Available data:
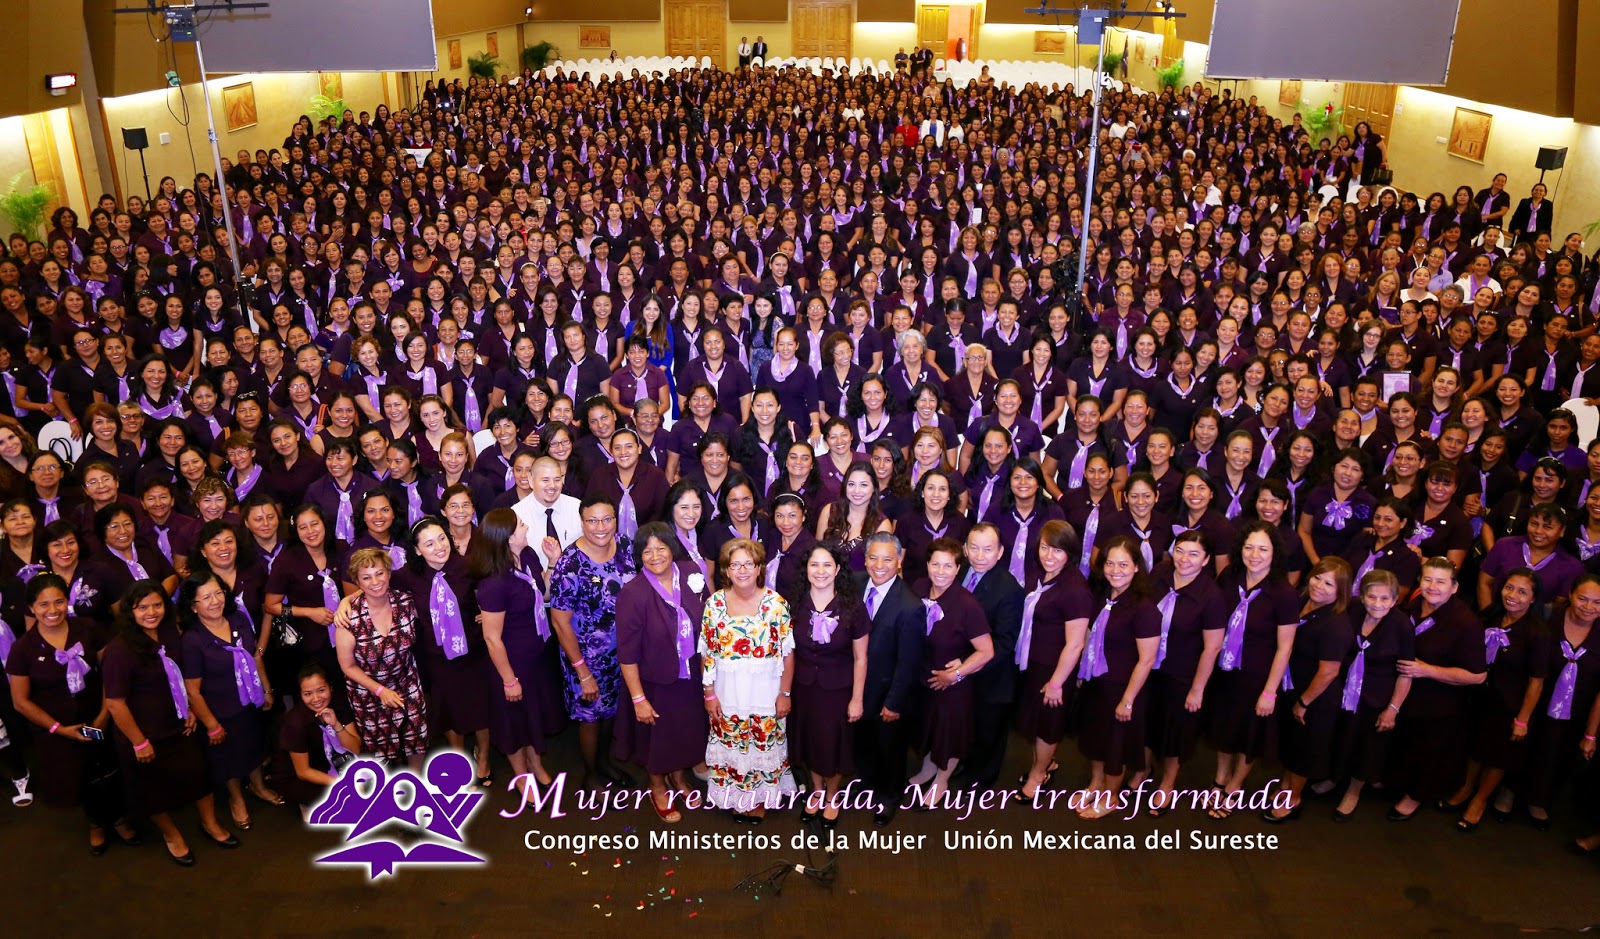 MISIÓN JA - Iglesia Adventista Del Septimo Día, MISIÓN : CONGRESO DE  MINISTERIO DE LA MUJER
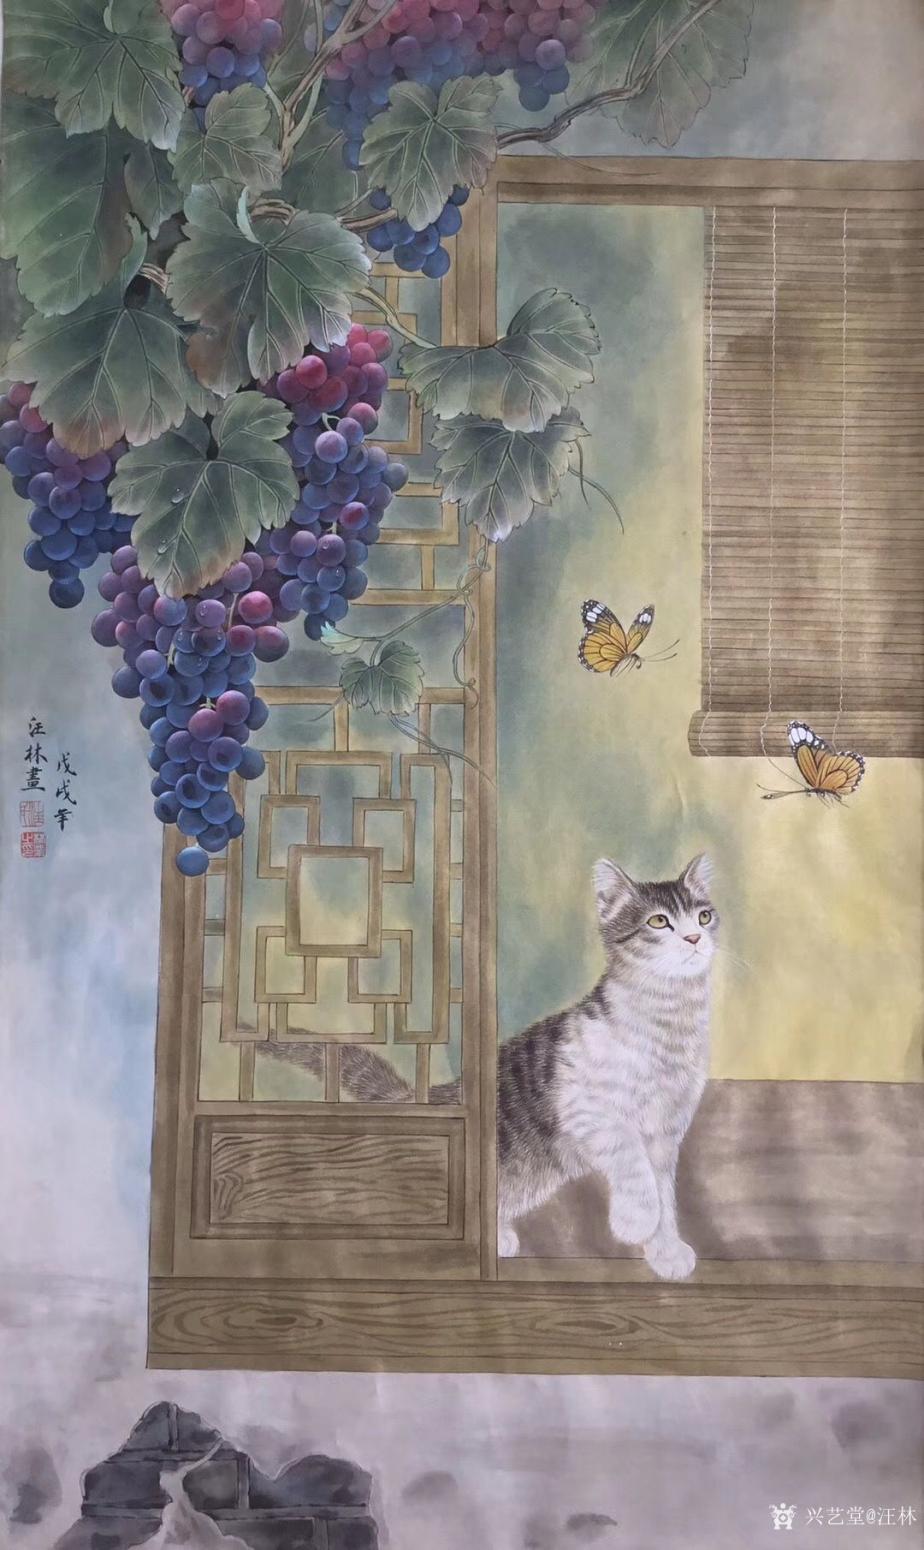 汪林国画作品《猫蝶图》
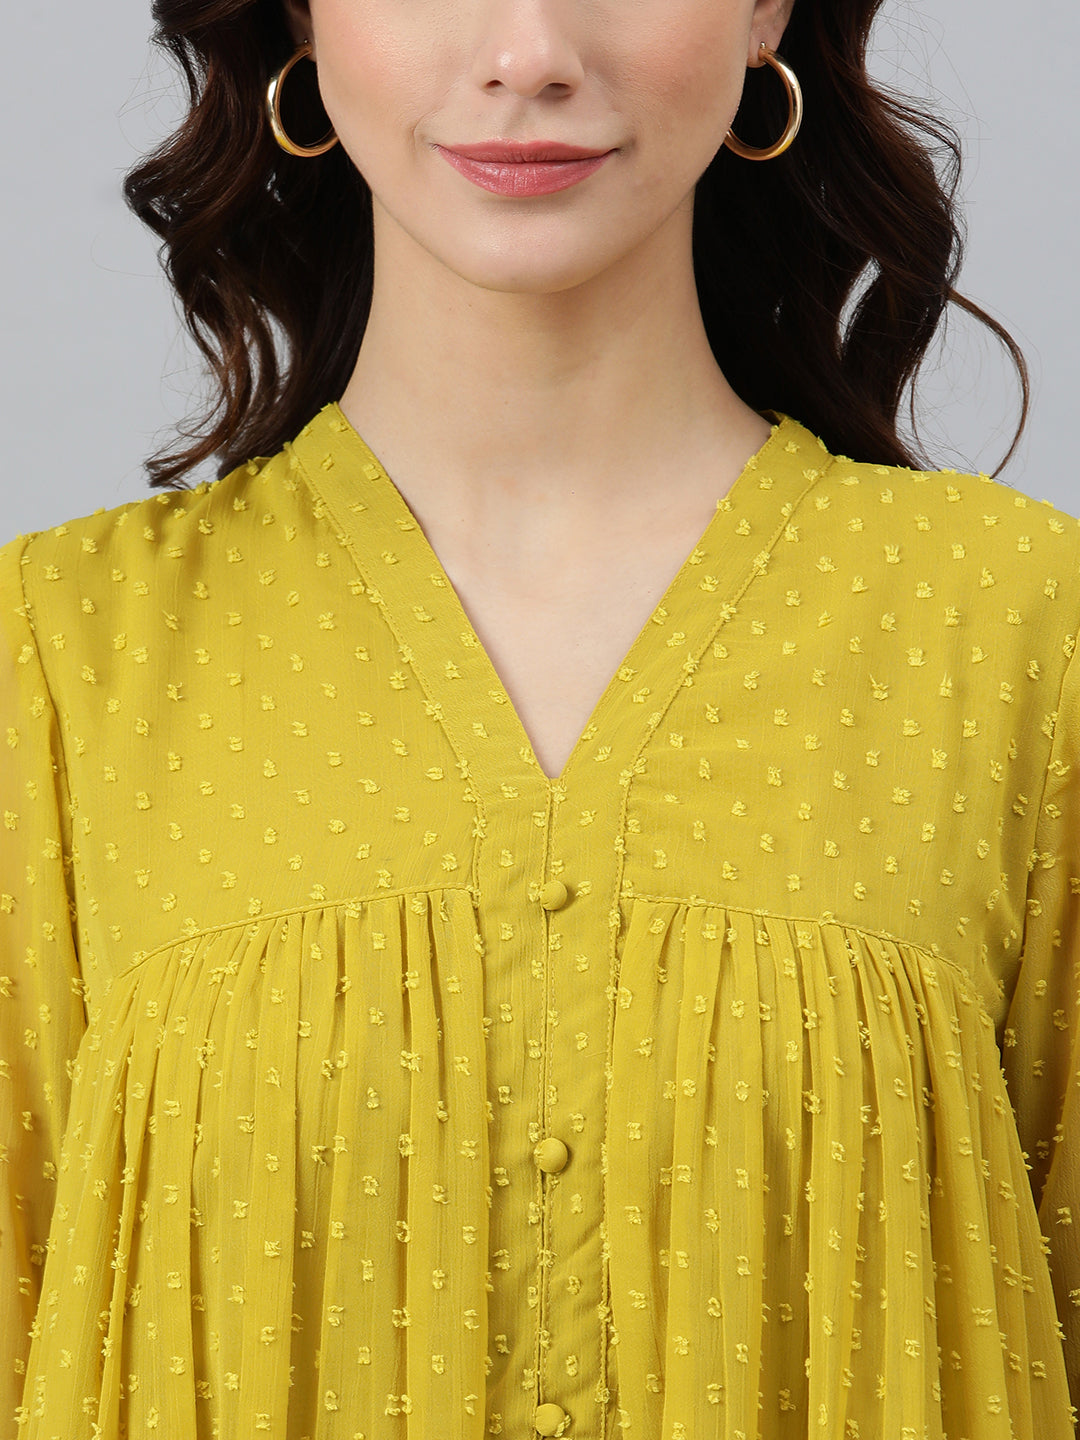 Women's Self Design Mustard Poly Chiffon Dress - Janasya USA
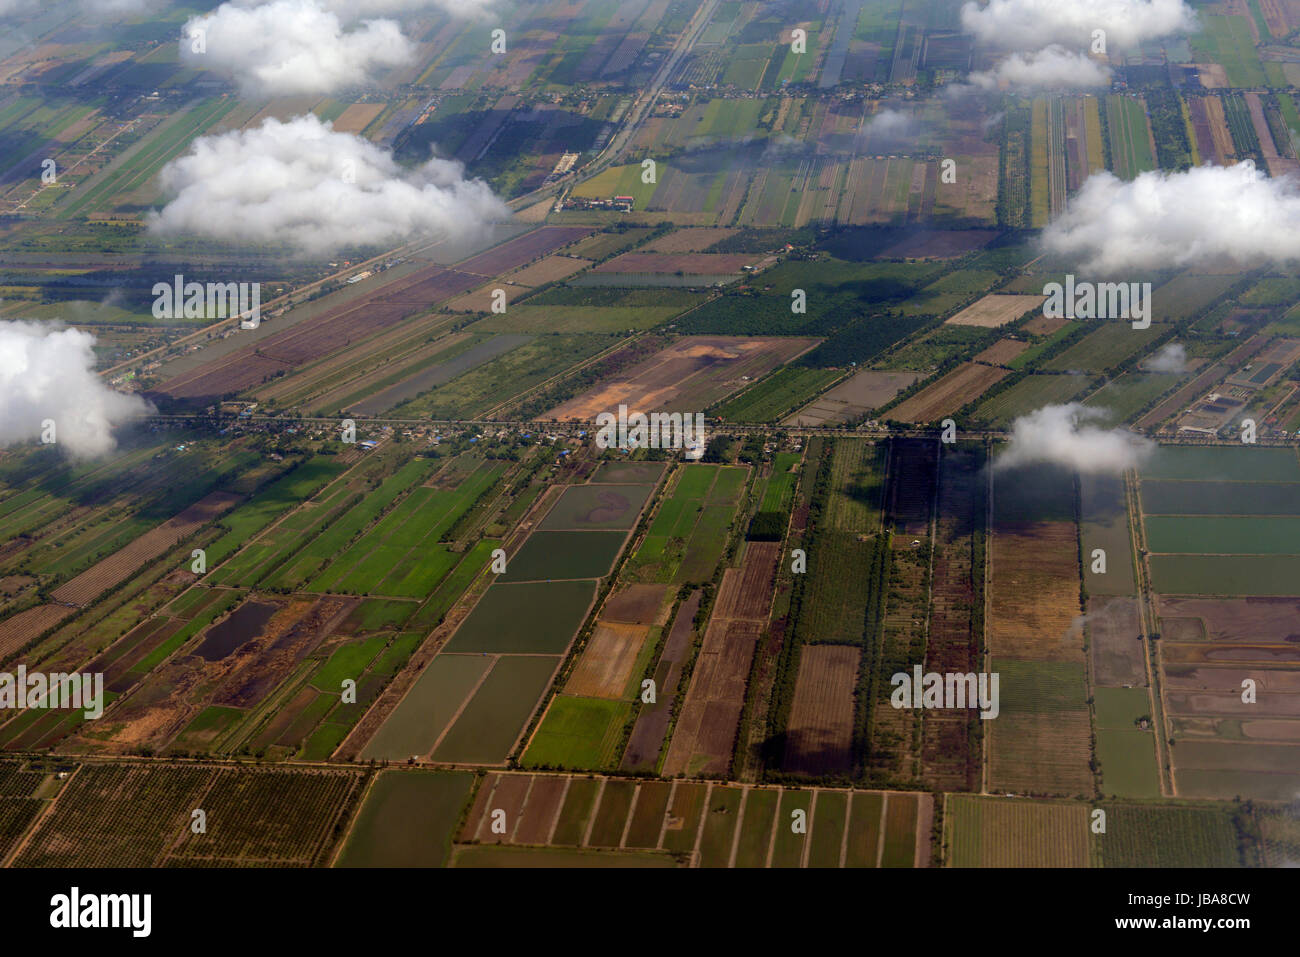 Die Landschaft mit Landwirtschaftlichen betrieben oestlich der Hauptstadt Bangkok von Thailand in Suedostasien. Stock Photo

Prompt:
Without including any pictures, copy every line above exactly.

Reply to the task:
 MISIÓN JA - Iglesia Adventista Del Septimo Día, MISIÓN : CONGRESO DE  MINISTERIO DE LA MUJER
 汪林国画作品《猫蝶图》
 Women's Self Design Mustard Poly Chiffon Dress - Janasya USA
 Die Landschaft mit Landwirtschaftlichen betrieben oestlich der Hauptstadt Bangkok von Thailand in Suedostasien. Stock Photo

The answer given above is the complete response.